② Word pool generation tool

role

-(1) A tool that generates CSV for word search used in word search tools that can be used in rhymes.

Schematic

How it works

--Get the title of the posted article obtained by Qiita's posted article acquisition API

`qiita_client.py`


    def list_articles(self):
        req = urllib.request.Request(
            f"{QIITA_BASE_URL}/{QIITA_API_NAME}?page={QIITA_PAGE_NUMBERS}&per_page={QIITA_ITEMS_PAR_PAGE}"
        )
        with urllib.request.urlopen(req) as res:
            body = res.read()
            return json.loads(body.decode())

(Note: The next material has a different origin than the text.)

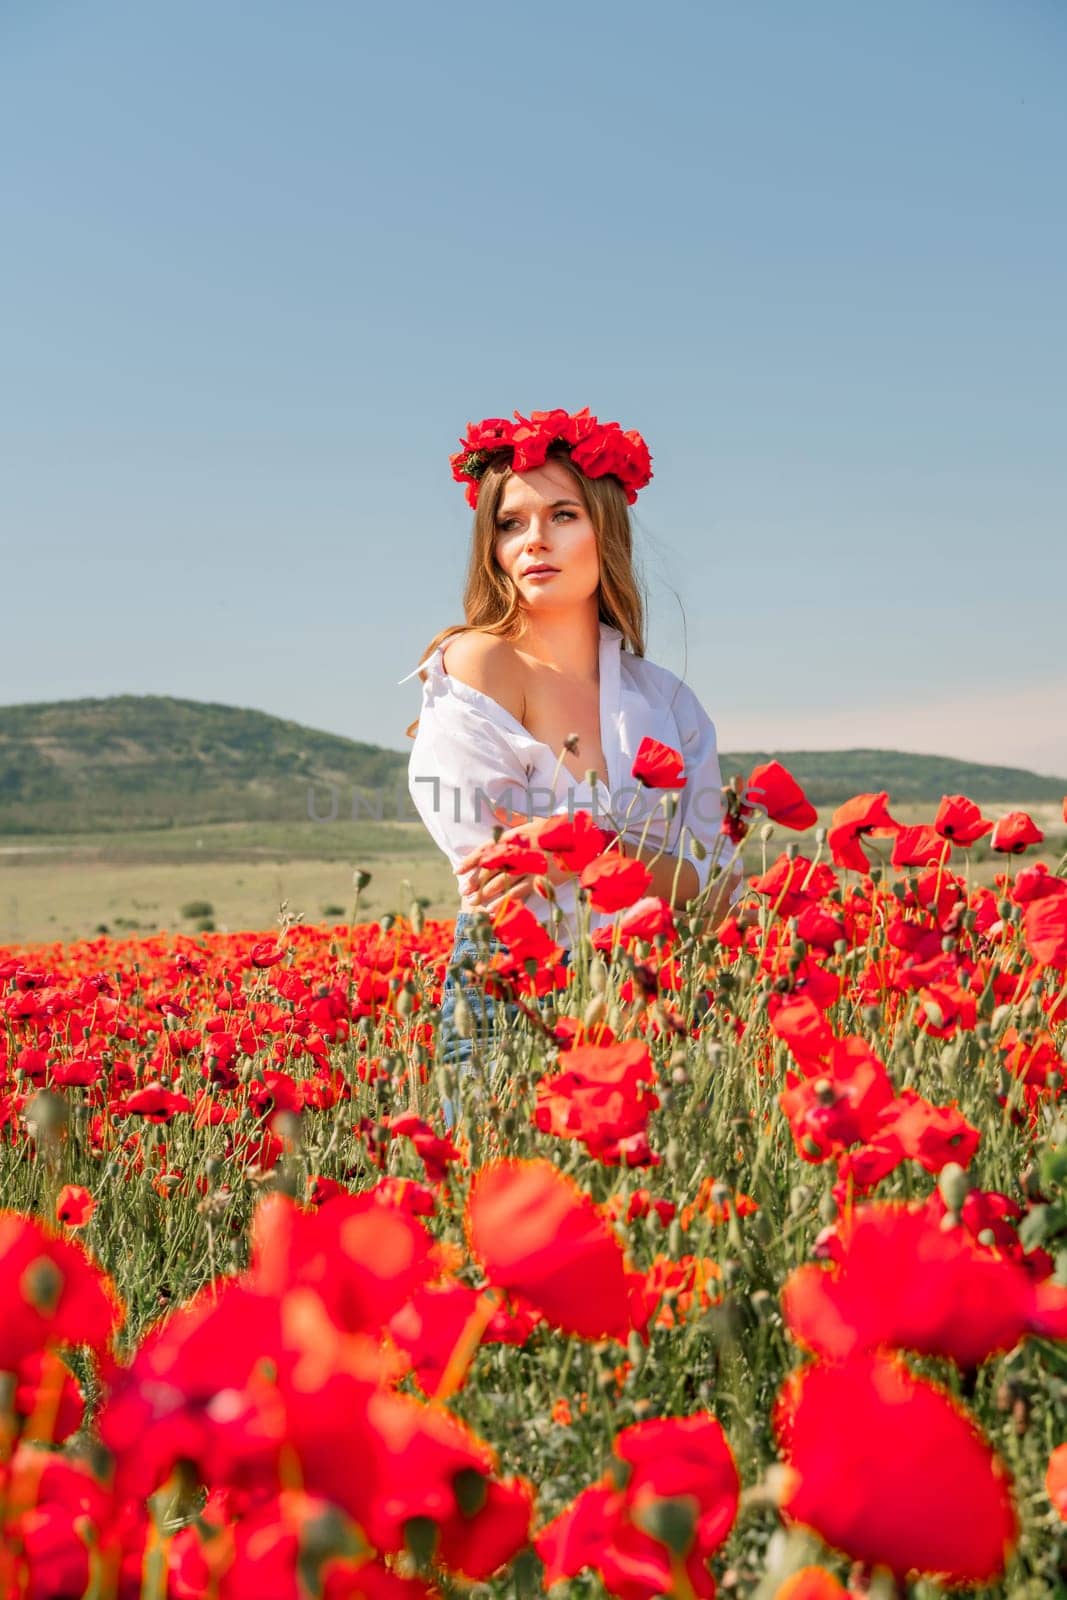 Happy woman in a poppy field in a white shirt and denim skirt with a wreath of poppies on her head posing and enjoying the poppy field

--Classify the acquired titles into part of speech by applying COTOHA's parsing API

`cotoha_client.py`


    # target_Put Qiita article title in sentence
    def parse(self, target_sentence, access_token):
        headers = {
            "Content-Type": COTOHA_CONTENT_TYPE,
            "charset": COTOHA_CHAR_SET,
            "Authorization": "Bearer {}".format(access_token)
        }
        data = {
            "sentence": target_sentence,
        }
        req = urllib.request.Request(
            f"{COTOHA_BASE_URL}/{COTOHA_PARSE_API_NAME}",
            json.dumps(data).encode(),
            headers
        )
        time.sleep(COTOHA_REQUEST_SLEEP_TIME)
        with urllib.request.urlopen(req) as res:
            body = res.read()
            return json.loads(body.decode())["result"]

--Extract only nouns from part of speech and output to CSV file

`finder.py`


    #Extracts only nouns from parsing results and returns a list of them
    def find_noun(self, target_sentence_element):
        noun_list = []
        for element_num in range(len(target_sentence_element)):
            tokens = target_sentence_element[element_num]["tokens"]

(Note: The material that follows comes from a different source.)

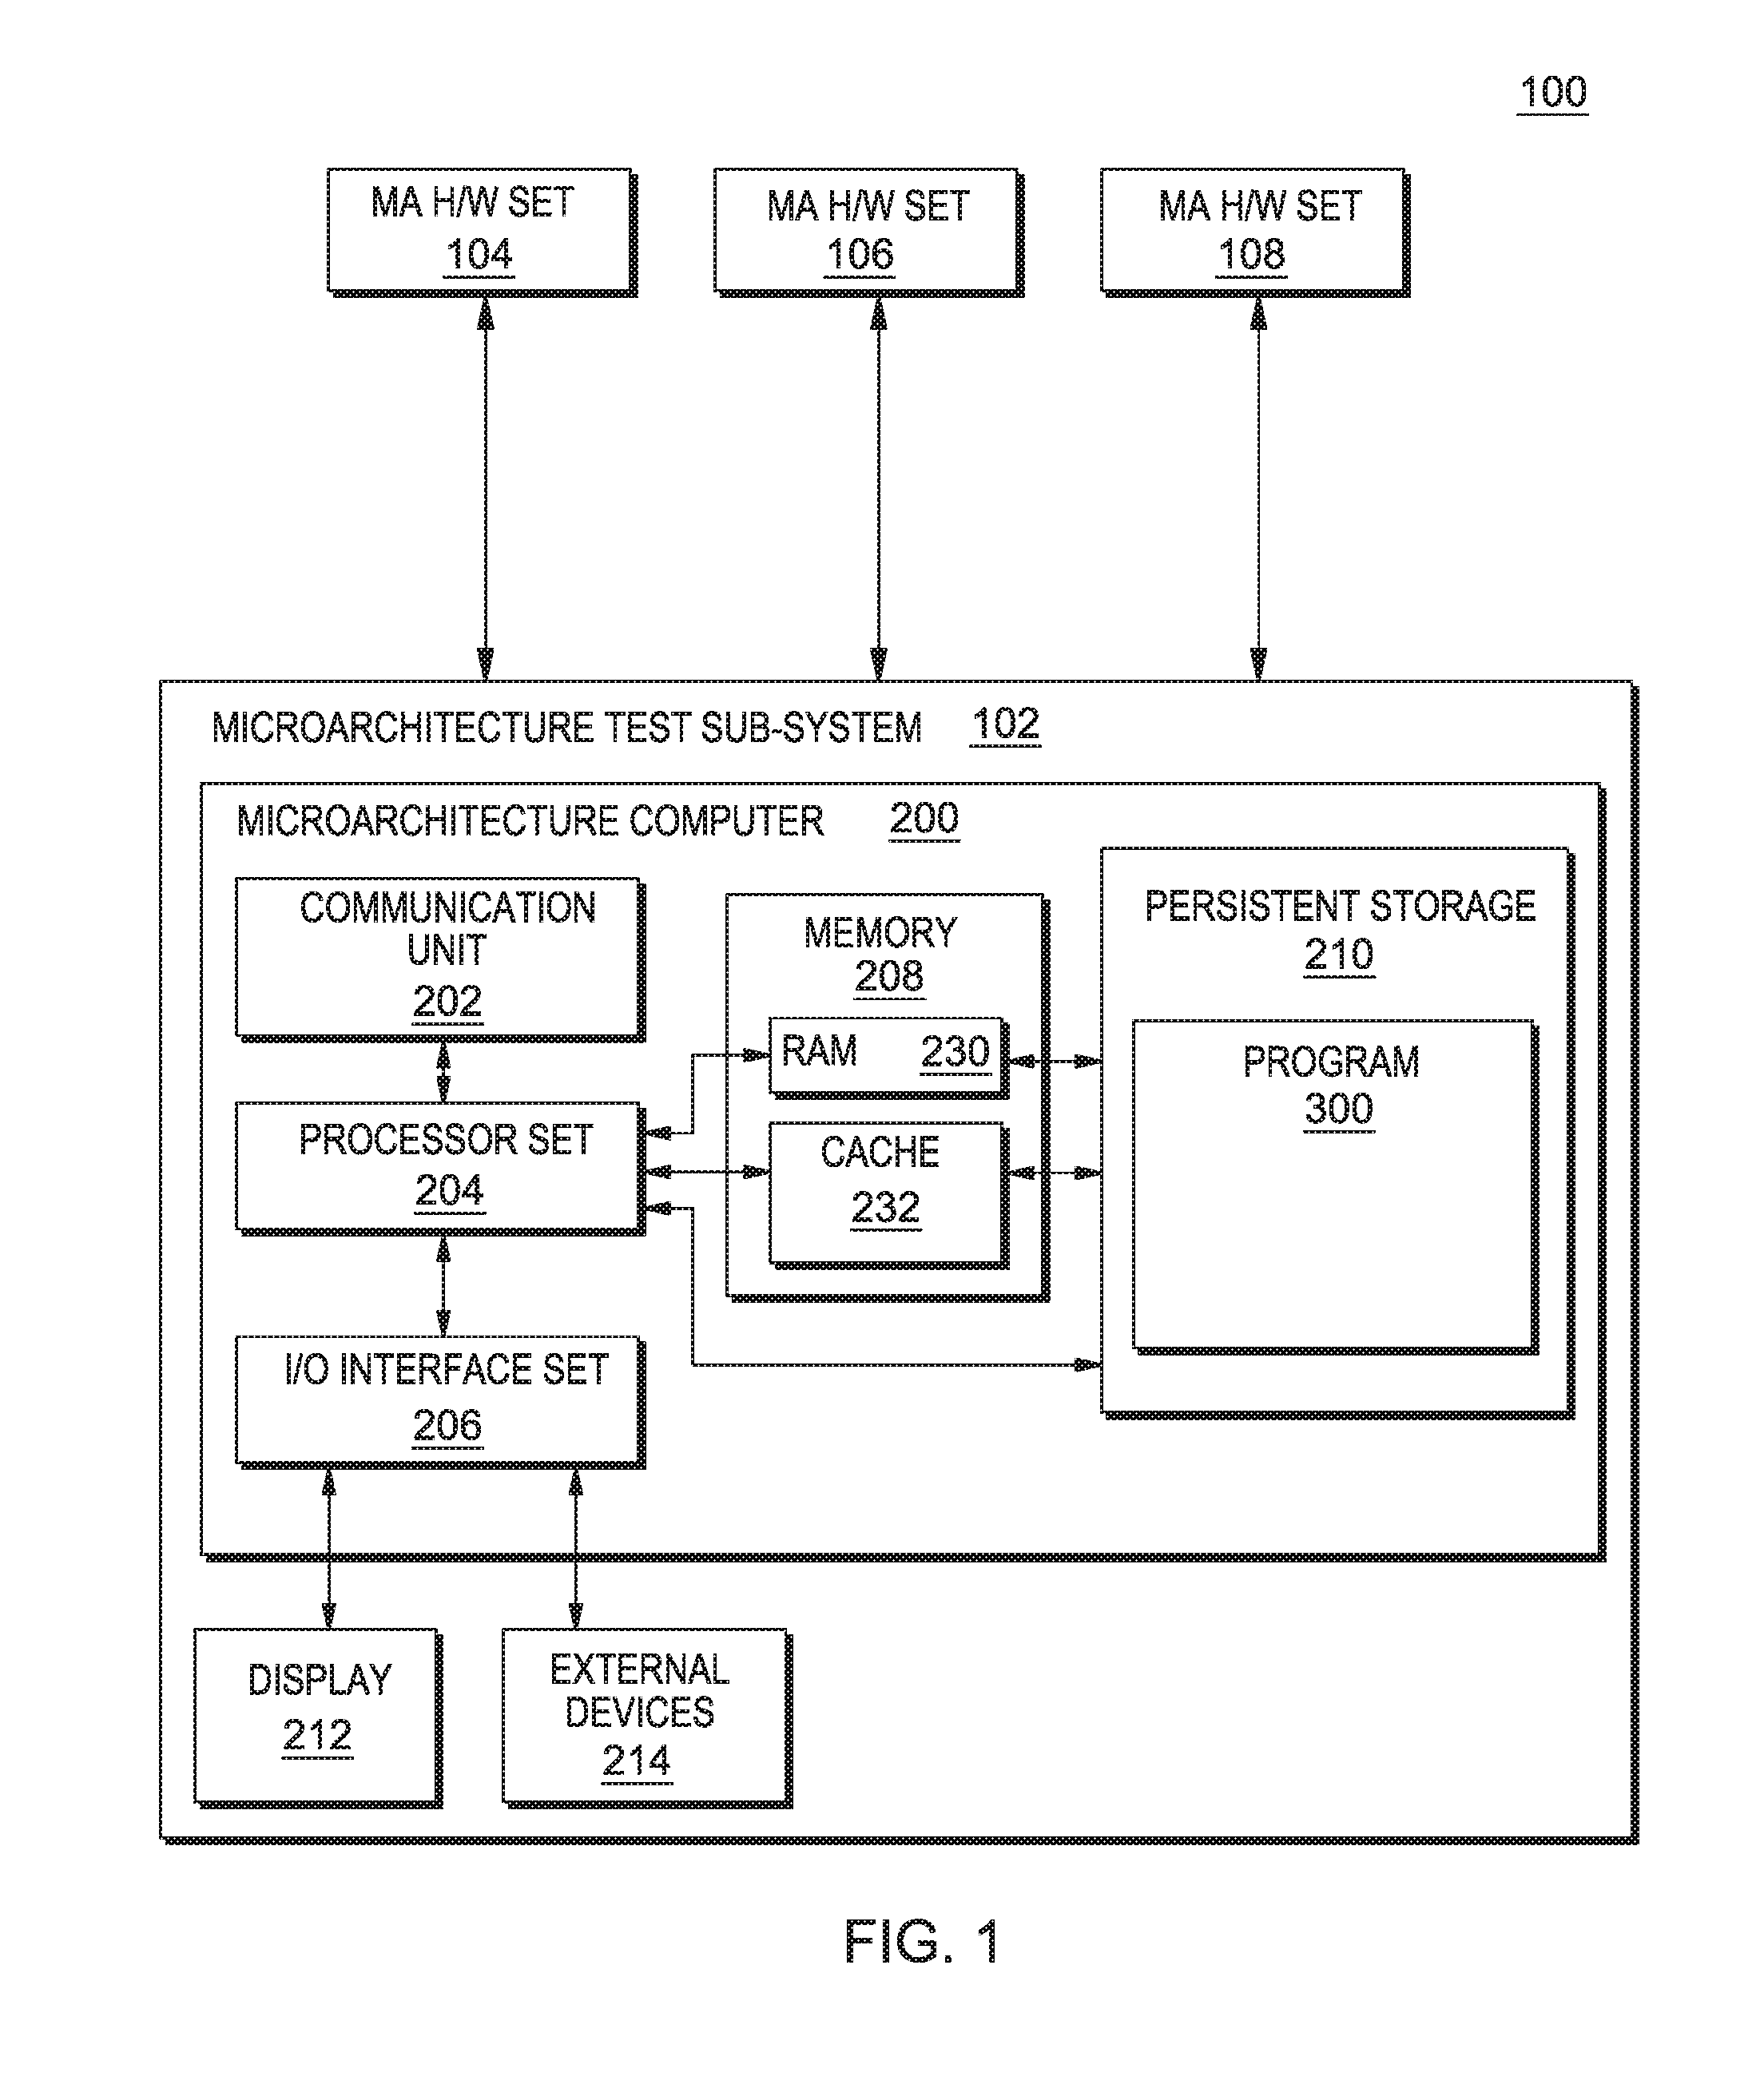 Branch synthetic generation across multiple microarchitecture generations

            for tokens_num in range(len(tokens)):
                target_form = tokens[tokens_num]["form"]
                target_kana = tokens[tokens_num]["kana"]
                target_pos = tokens[tokens_num]["pos"]

                #If it is a noun, store it in the list
                if target_pos == TARGET_CLASS:
                    #English, numbers, and symbolic words store reading kana instead
                    # TODO:There is room for improvement in the judgment.
                    if re.match(FINDER_REGEX, target_form):
                        noun_list.append(target_kana)
                    else:
                        noun_list.append(target_form)

        return noun_list

Execution example

`execute`


$cd tool
$python word_pool_generator.py

`word_pool.csv`


backup
tool
ABC
string
visual
studio
code
Note
management
Expansion
Summary
paper
Commentary

Task

――Honestly, it's heavy. Even 40 posted articles will take about 5 minutes to process. ――The number of nouns that can be extracted in one article title is about 2 to 5. ――However, since I was touching pandas for the first time when outputting to a CSV file, I think that I can improve the logic further. ――It's a level that I made something that works for the time being.

--Improved judgment of English words --In the current logic, "Raspberry Pi" will be "Raspberry Pi" instead of "Raspberry Pi". ――For example, if you can pass only "Raspberry" to the parsing API and judge it as "Raspberry", you can make it feel a little better by devising the way of passing words. ――By the way, "Google" was "Google".

――Be able to increase the variation of words ――It seems that you can collect words from other fields by scraping on other sites.

Articles that I used as a reference

https://note.com/junkawashima/n/n146874f827bc
https://qiita.com/komorin0521/items/8cd1eb0cdb4a9ede217e

Other

About the motive that made

――The reason why I made this kind of thing in the first place is that I saw this article about half a year ago and said with a friend, "I can use natural language processing to rhyme. I had a conversation, "Can I find a word?" ――However, I didn't know the field of natural language processing at all at that time (even now), and when I happened to see this project, I thought that I could make something close to it, so I decided to create this tool. I made it.